Devemos seguir mantendo a luta na rua, mobilizando-nos e pressionando o Estado para que diga o que fez com Santiago Maldonado.
A resposta do Governo
A covarde e criminosa resposta do governo do Cambiemos[2] à mobilização foi uma operação política.
Assim que a marcha dispersou, a polícia lançou uma repressão contra aqueles que ficaram nos arredores da Praça de Maio. A entrada na praça de um falso grupo de anarquistas, ridiculamente caracterizados, que começaram a se comportarem de maneira violenta deu o pretexto à polícia para reprimir.
Podem-se ver diversos vídeos, fotos e outros materiais que circulam pelas redes como policiais à paisana estavam infiltrados na marcha e, no momento da repressão, eram vistos com fardas da Polícia da Cidade de Buenos Aires.
Cassetetes, gás lacrimogênio e spray de pimenta foram parte dessa caça que lançaram as forças de repressão, com 31 detidos e vários feridos.
No momento em que este artigo era escrito, os detidos ainda não haviam sido postos em liberdade e há jornalistas que foram detidos com suas câmeras nas mãos (no dia 3 de setembro foram libertados 30 pessoas, somente uma ficou detida por problemas com sua documentação).

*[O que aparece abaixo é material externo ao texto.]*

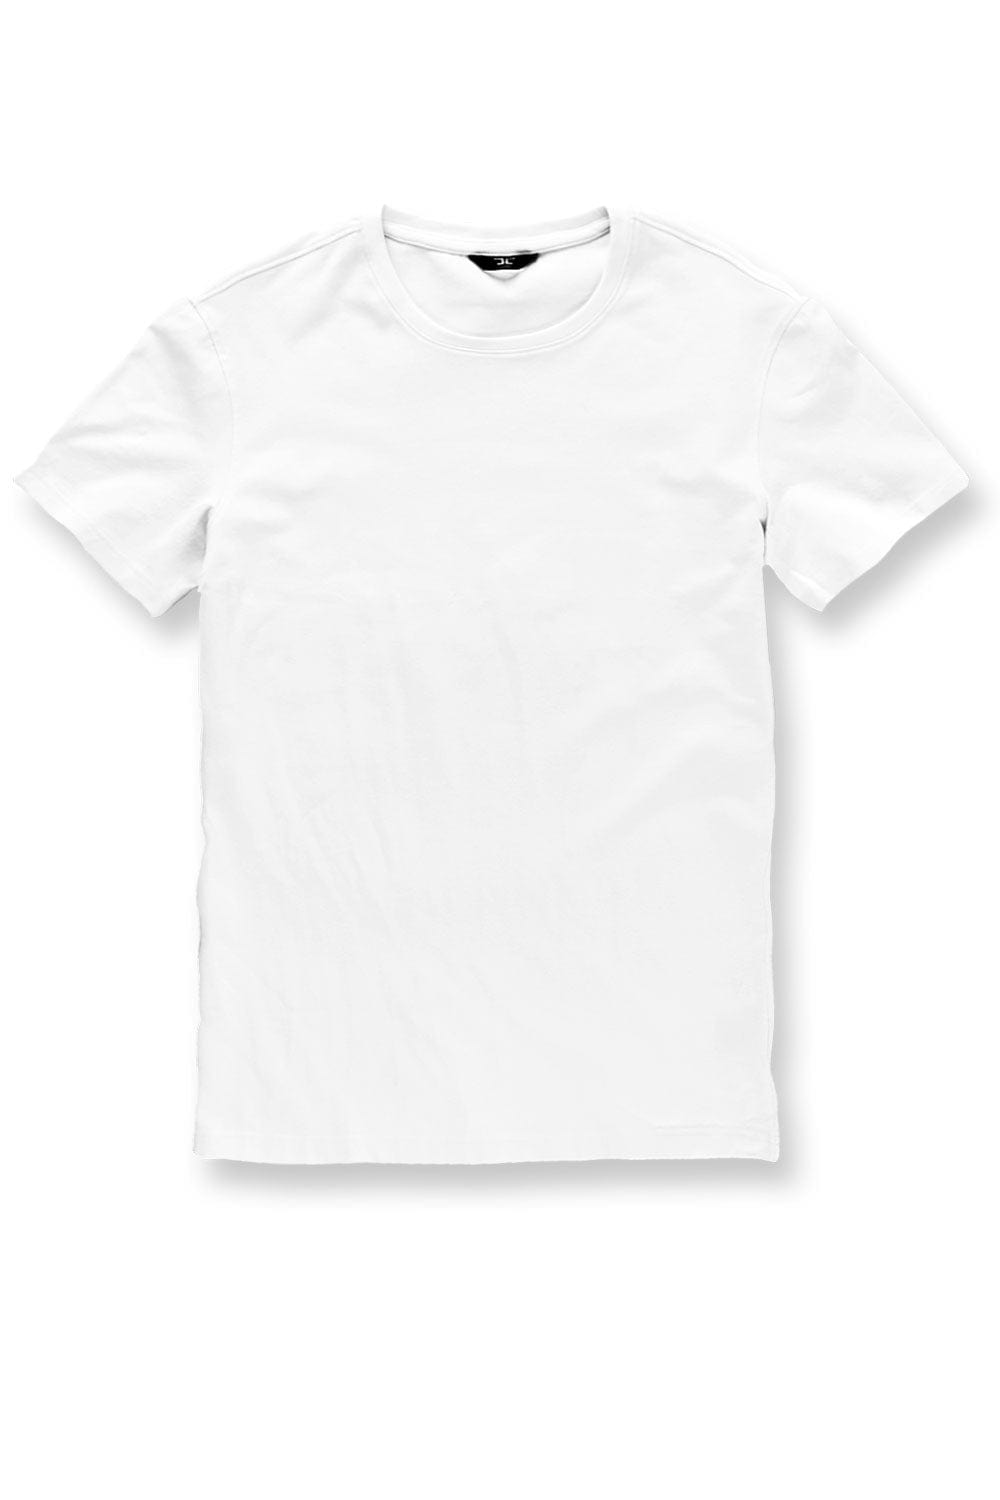 Jordan Craig Premium Crewneck T-Shirt White / S

Foram detidas inclusive pessoas que não participaram da mobilização e estavam por acaso no lugar.
Com essa ação brutal fizeram um espetáculo no horário nobre das 21 horas, onde os meios de comunicação da burguesia colocaram em funcionamento sua maquinaria para desvirtuar a contundência da reivindicação e mostrar os manifestantes como violentos, radicalizados, agressivos.
Procuram assim deslegitimar e satanizar o protesto social com o único objetivo de seguir manobrando para ocultar a responsabilidade do macrismo nesse novo caso de sequestro na Argentina.
Esse fato acontece num momento de aumento na violência da ação repressiva do Governo, encorajado por um resultado relativamente favorável nas eleições e com a necessidade de ir preparando o ambiente face à segunda etapa de ajuste que vem logo após as eleições legislativas de outubro.
Em decorrência da crise capitalista mundial, empresários, latifundiários e banqueiros precisam aprofundar o ajuste sobre a classe trabalhadora quase como uma questão de sobrevivência, em que seu próprio sistema os envolve.
O macrismo enquanto representante conjuntural desses setores tem esta tarefa à sua frente. É daí que surge a necessidade por parte do Governo de fazer ser aceito o aparato repressivo e preparar o ambiente para neutralizar aqueles que se sabe que resistirão ao ajuste com luta política.
O ajuste não passa sem repressão e a classe dominante está afiando seus dentes.
Nesta sexta-feira, dia 1º de setembro, todas as forças vivas da Argentina estiveram nas ruas enfrentando politicamente o Estado em mobilizações unificadas que deram lugar a múltiplos atos.
Não existe poder igualável ao das massas quando se põem a marchar. Sem dúvida as mobilizações populares são uma mostra massiva de força na rua que sacode o tabuleiro político em qualquer lugar.
Trata-se de conseguir com que essa força se organize e se arme programaticamente para terminar com as feridas abertas da sociedade capitalista que precisa da repressão para perpetuar a desigualdade. É para isso que seu Estado existe.
[1] Organização militar nacional argentina que cumpre funções de polícia em cidades menores (Nota do Tradutor – N.T.).
[2] Coalizão política formada para o lançamento da candidatura de Macri à presidência da Argentina em 2015 (N.T.).
Artigo publicado na página El Militante, da seção argentina da Corrente Marxista Internacional Corriente Socialista Militante, sob o título “Santiago Maldonado: Desaparición forzada en Argentina, el Estado es responsable” , publicado em 4 de setembro de 2017.